- Born: Gerhard Otto Henneberg July 14, 1922 Magdeburg, Weimar Republic
- Died: January 1, 2011 (aged 88) Berlin, Federal Republic of Germany
- Occupations: Actor, theater director, theater manager
- Years active: 1937–1997

= Gerd Michael Henneberg =

German actor and theater director (1922–2011)

Gerd Michael Henneberg (14 July 1922 – 1 January 2011) was a German actor and theater director.

==Biography==
Gerd Henneberg's father, Richard, was a theater director. After the young Henneberg took private acting classes, he debuted on stage at age sixteen at the Leipzig Theater. Afterwards, he worked in the Aschaffenburg Theater and later became a member of the cast at the German National Theater in Weimar, where he remained until after the end of World War II.
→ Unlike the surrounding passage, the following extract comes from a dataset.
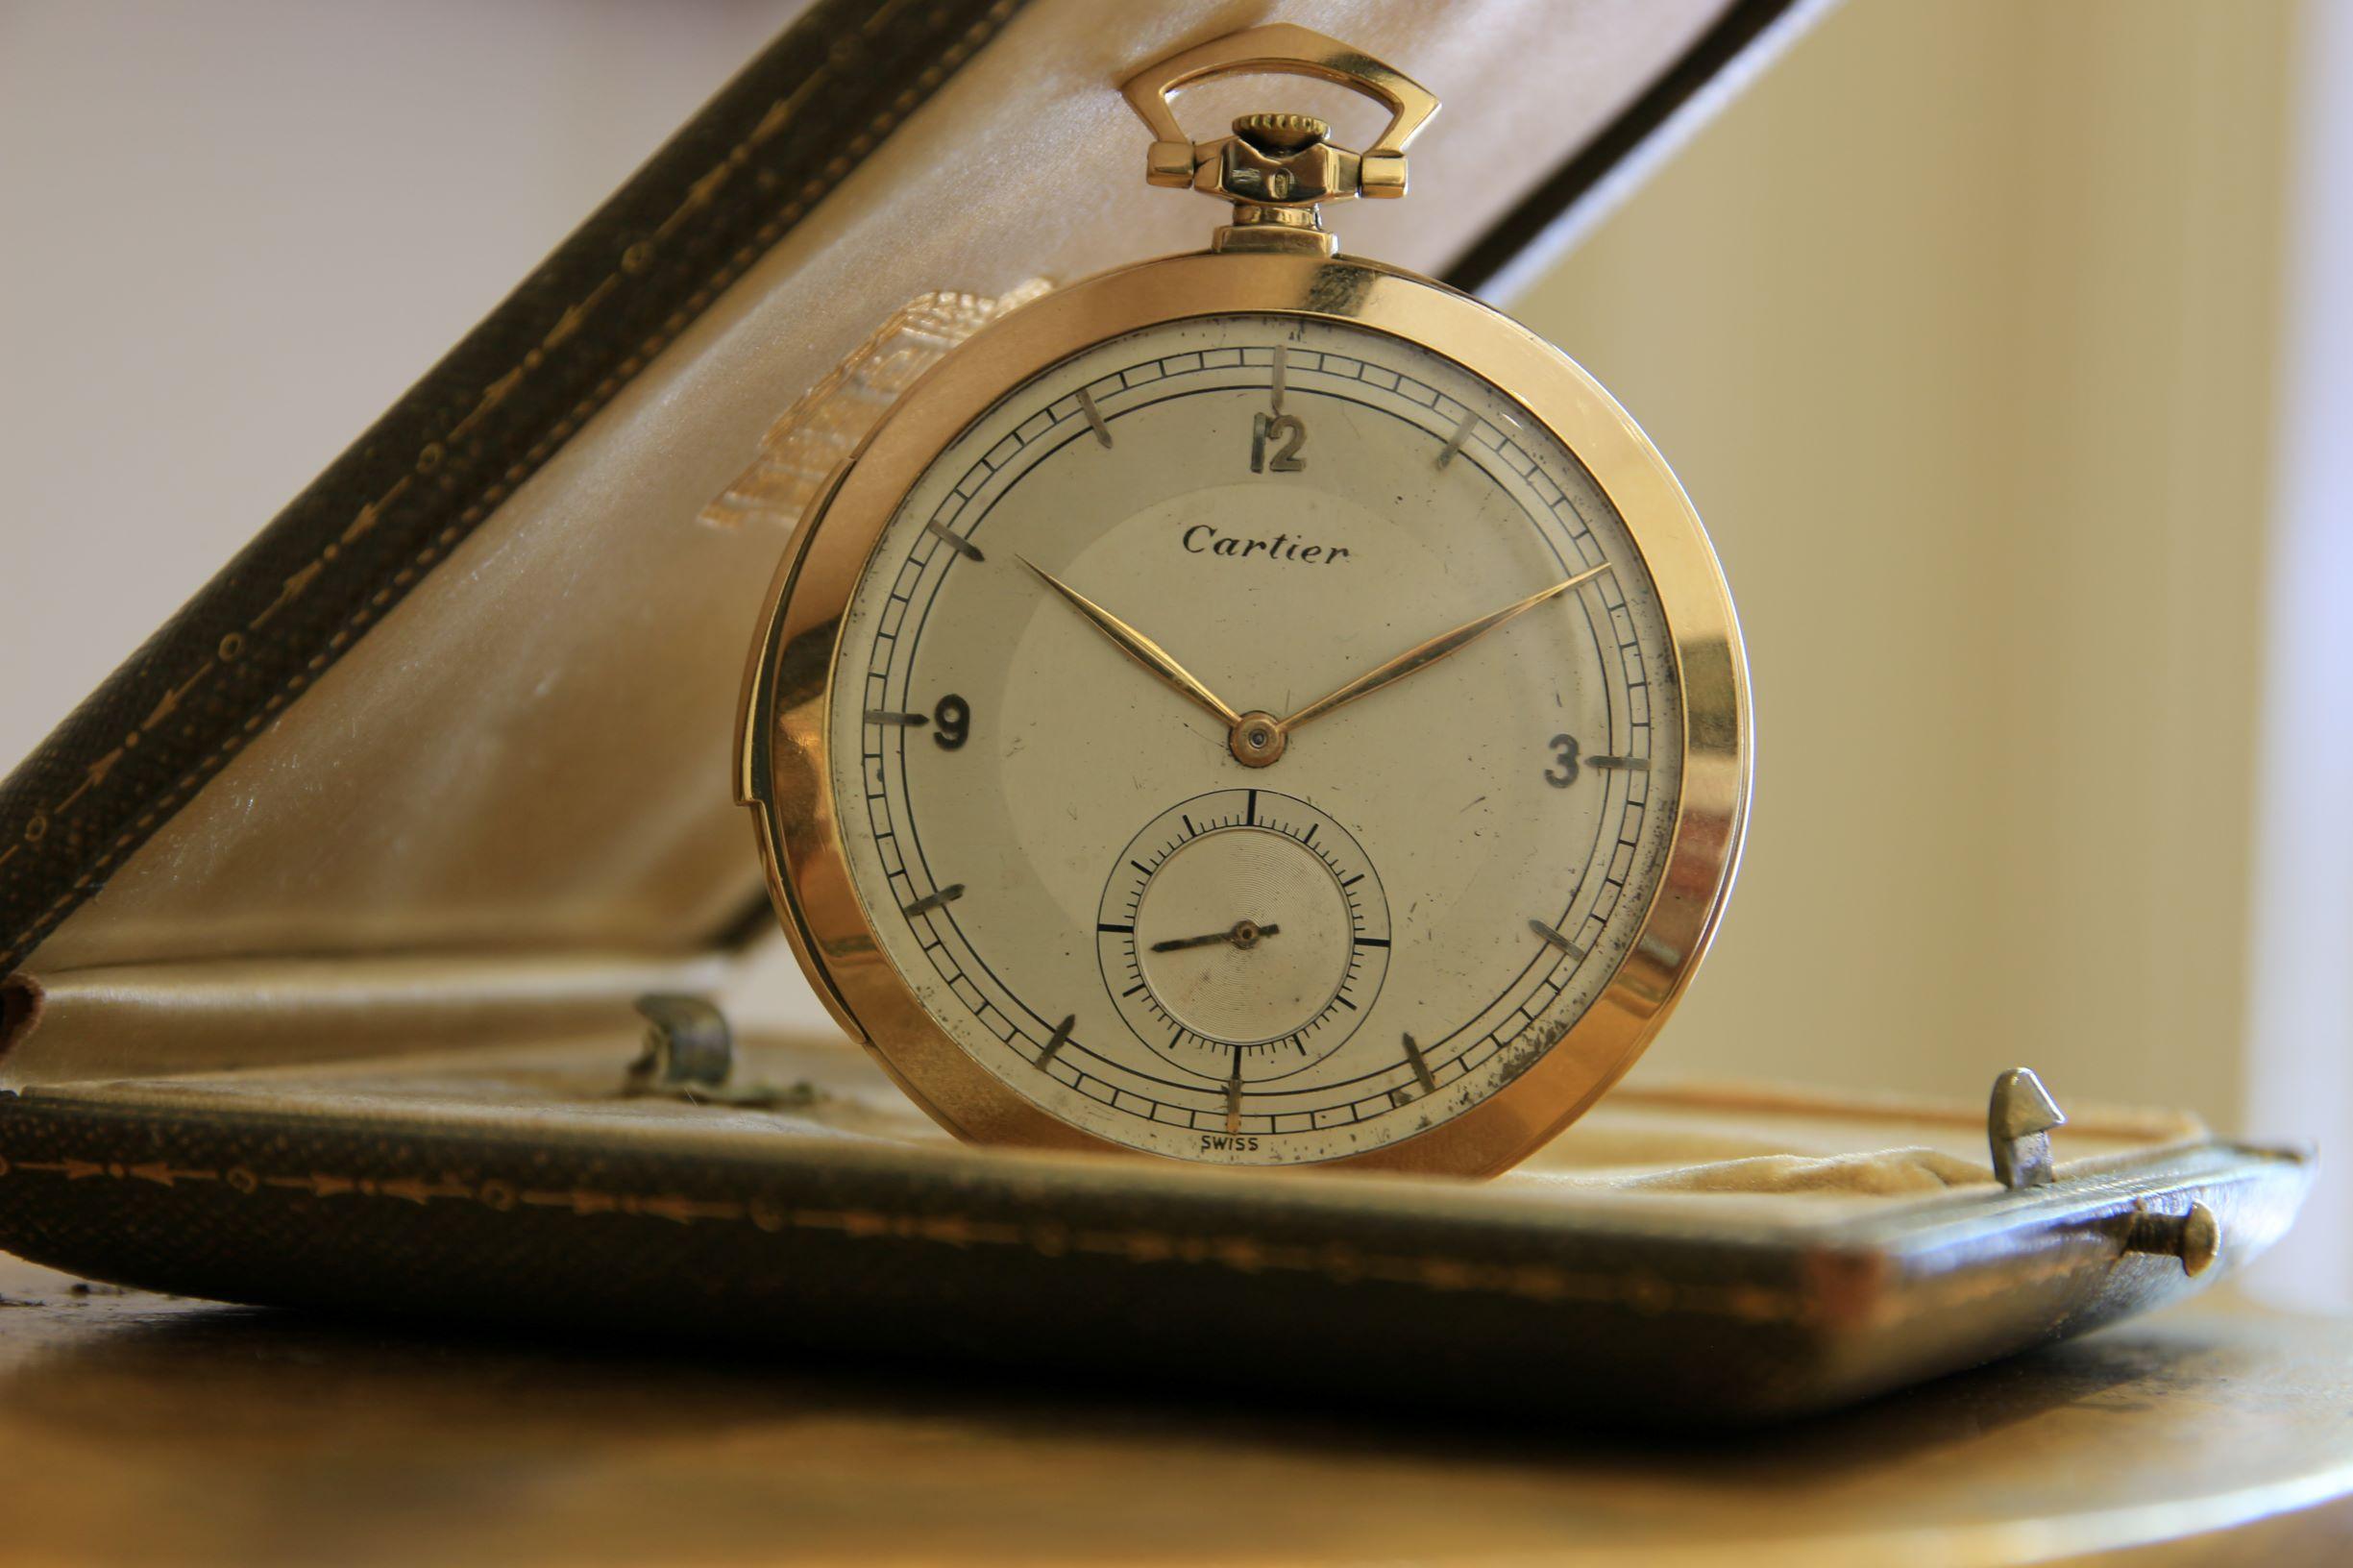 Un orologio da tasca Cartier e grandi marchi di gioielli: in arrivo le aste da Il Ponte

In 1948, Henneberg moved to East Berlin. He appeared on the stages of the Schiffbauerdamm Theater and the People's Theater, but finally settled in the Maxim Gorky Theater. Henneberg's most recognized performance was that of Scanlon of One Flew Over the Cuckoo's Nest, a character he depicted more than four hundred times. On 5 October 1960, he was awarded the People's Artist Prize. In 1960, he was named manager of the Neustrelitz Theater. In February 1962 he assumed the same duties in the Dresden Theater.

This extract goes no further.